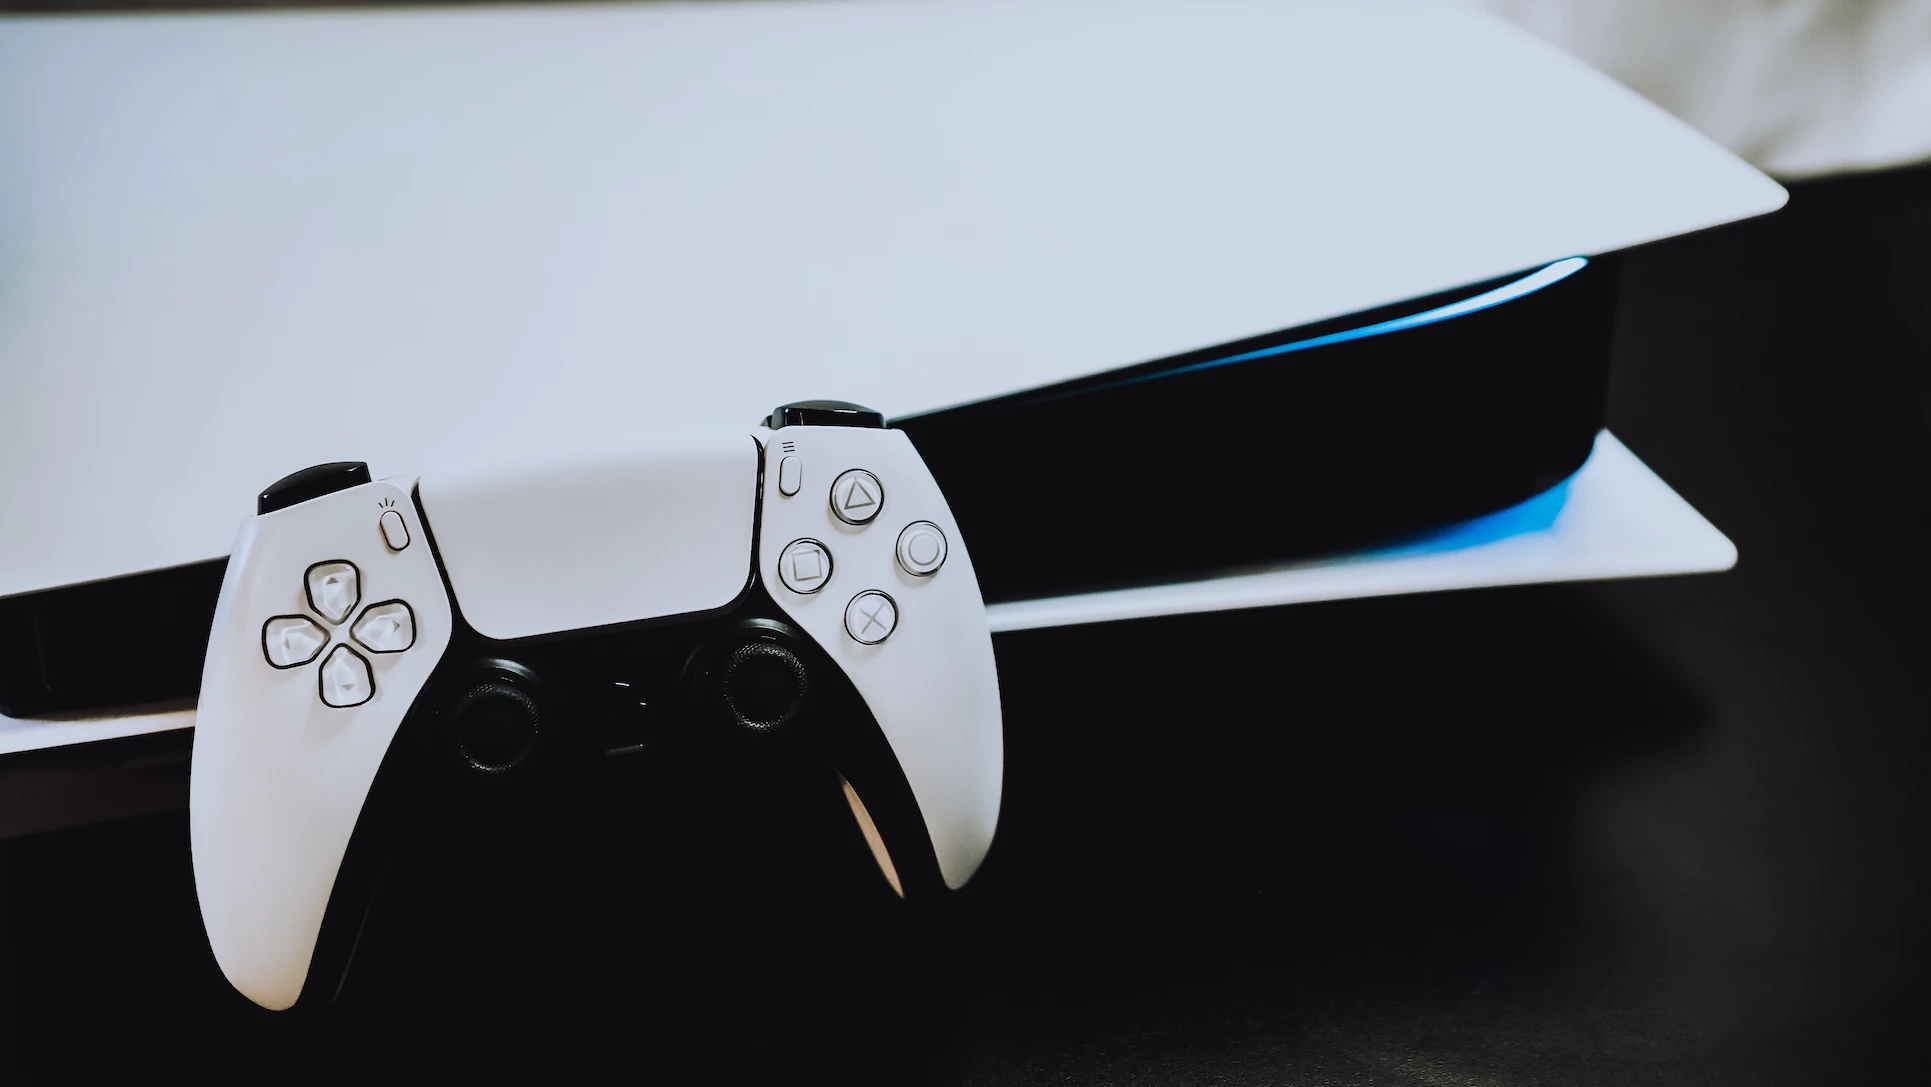 Anunciada la PS5 Slim. PlayStation confirma un secreto a voces y desvela  fecha de lanzamiento, precio y más detalles - PlayStation 5 - 3DJuegos
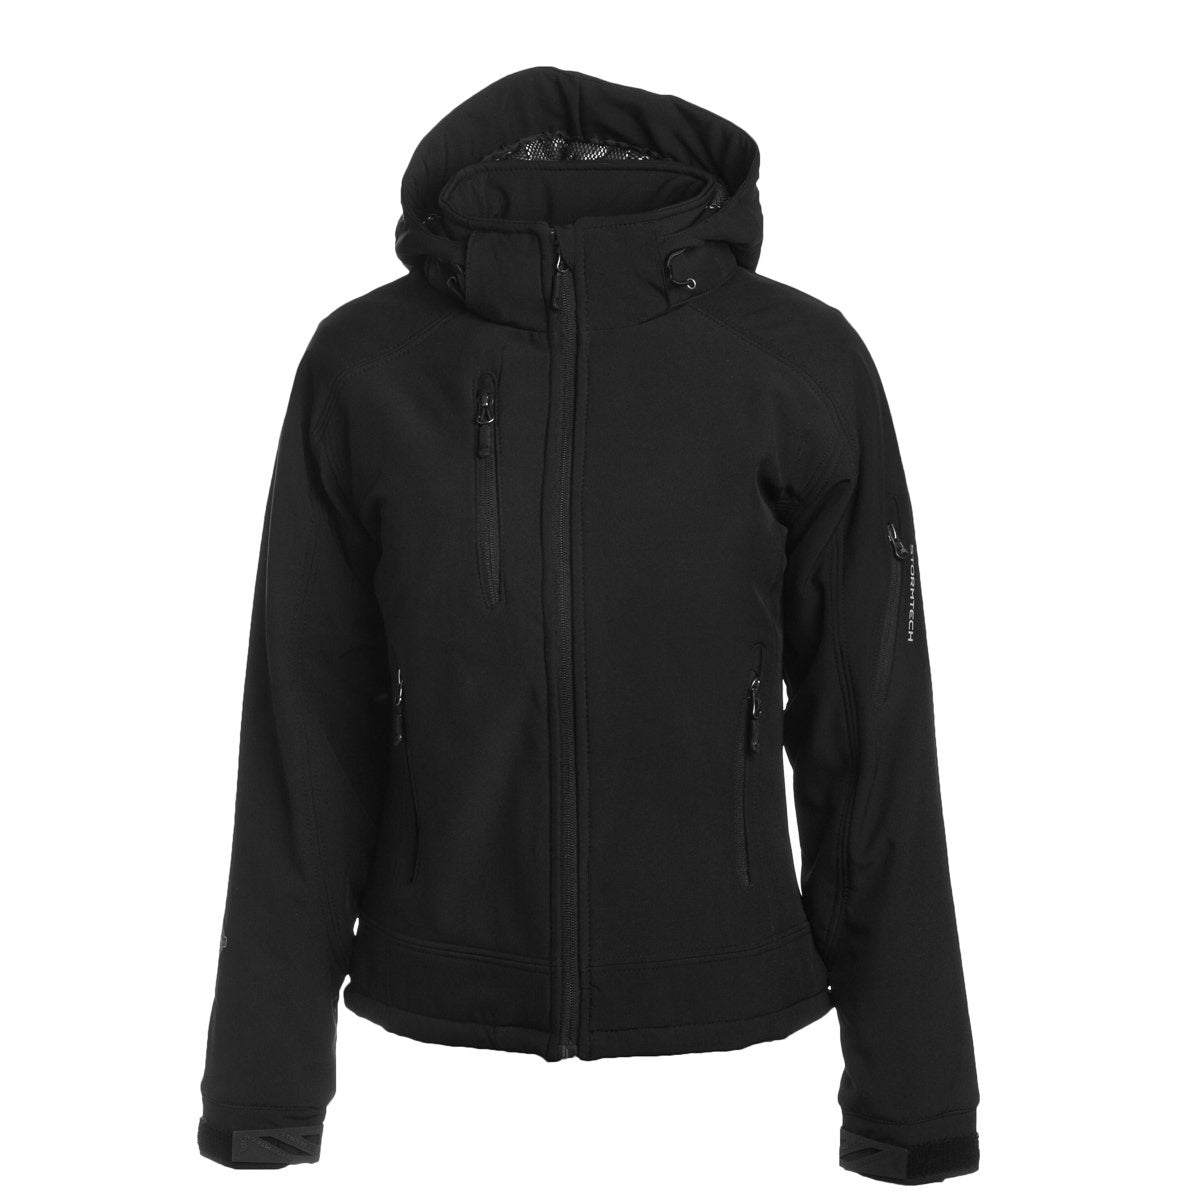 Stormtech Ladies Waterproof Softshell Thermal Hooded Jacket
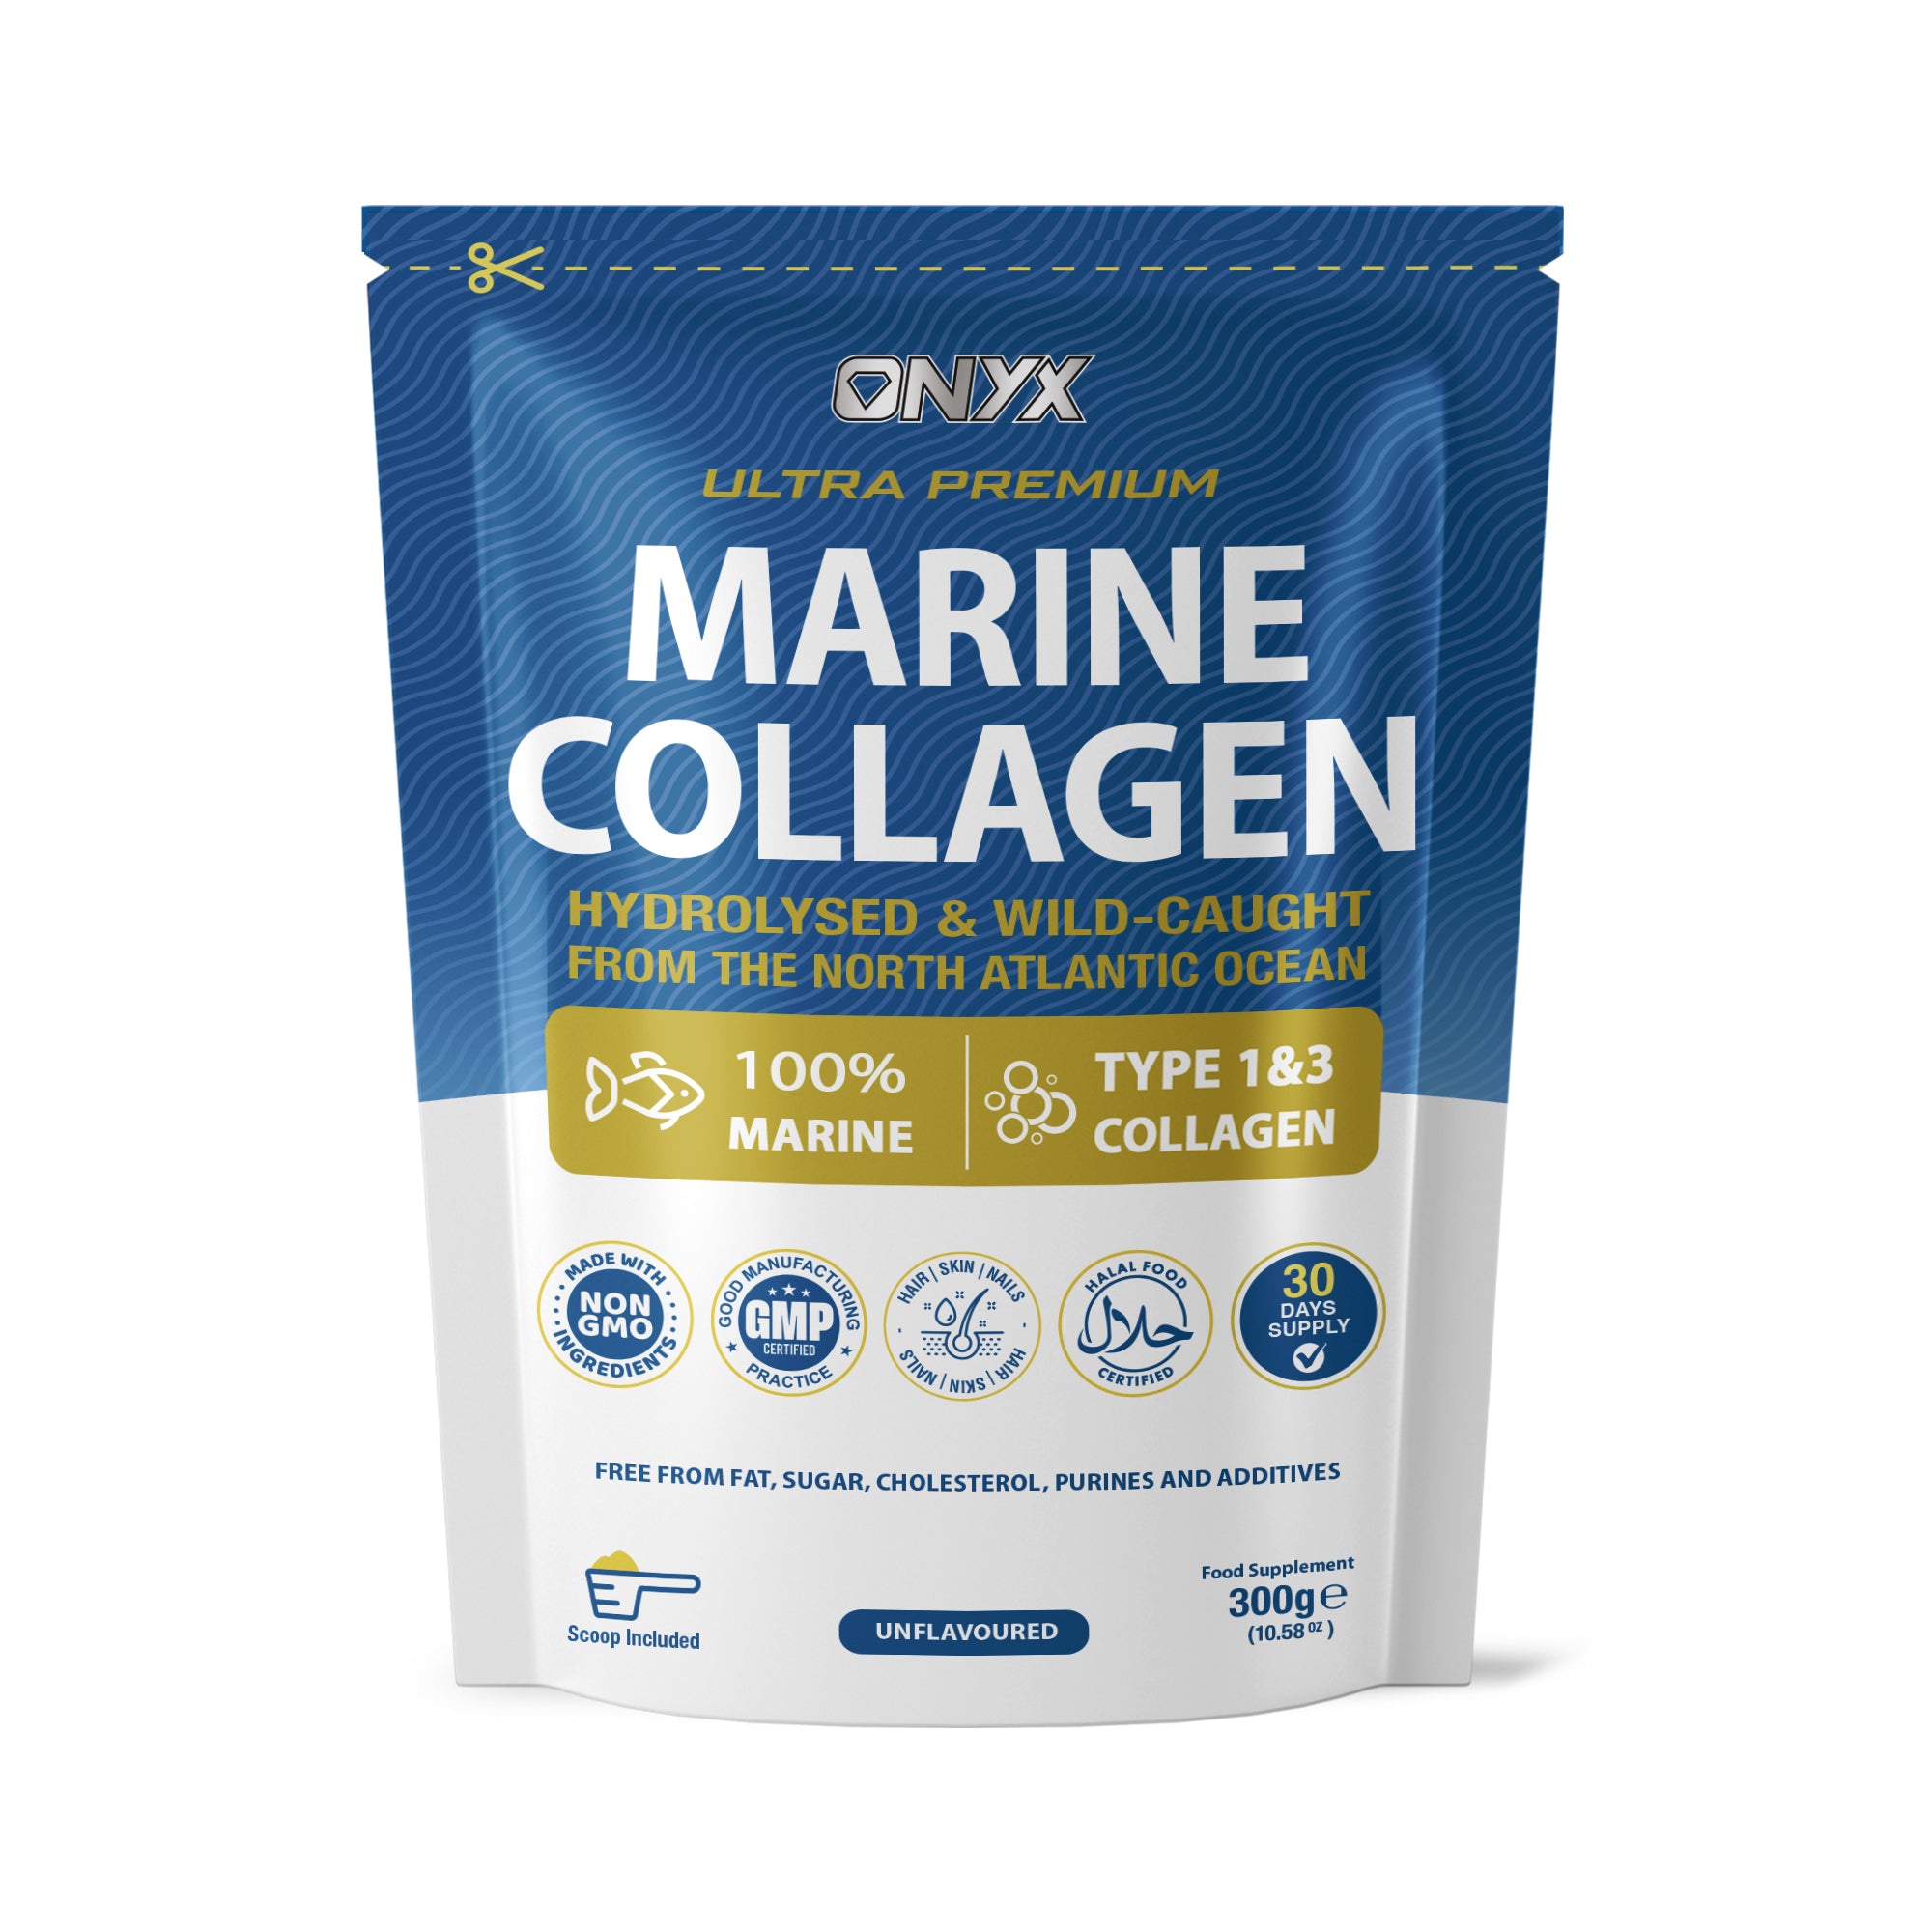 Premium Marine Collagen Powder 10000mg - Hydrolysed & Wild-Caught - Collagen Supplements For Women & Men
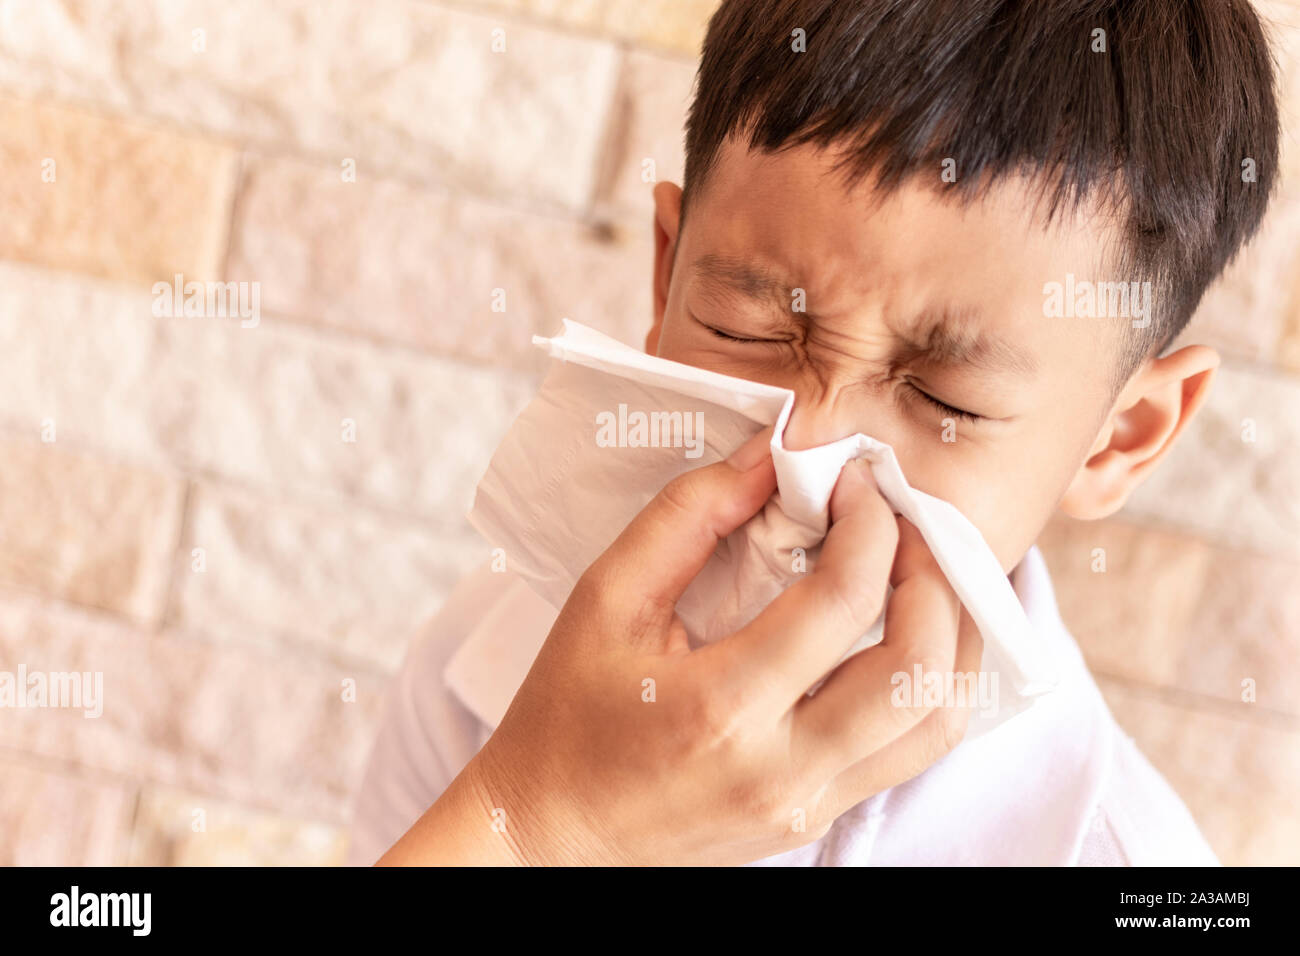 Eltern helfen, einem Kind die Nase in die Luft zu sprengen. Asiatische little boy blasen Nase mit einem Taschentuch zu Hause Stockfoto

▸ **Brief**: Each line of the data above should be reproduced without alteration, and no picture should appear in the copy.

▸ **The completed task**:
 Anunciada la PS5 Slim. PlayStation confirma un secreto a voces y desvela  fecha de lanzamiento, precio y más detalles - PlayStation 5 - 3DJuegos
 Stormtech Ladies Waterproof Softshell Thermal Hooded Jacket
 Premium Marine Collagen Powder 10000mg - Hydrolysed & Wild-Caught - Collagen Supplements For Women & Men
 Eltern helfen, einem Kind die Nase in die Luft zu sprengen. Asiatische little boy blasen Nase mit einem Taschentuch zu Hause Stockfoto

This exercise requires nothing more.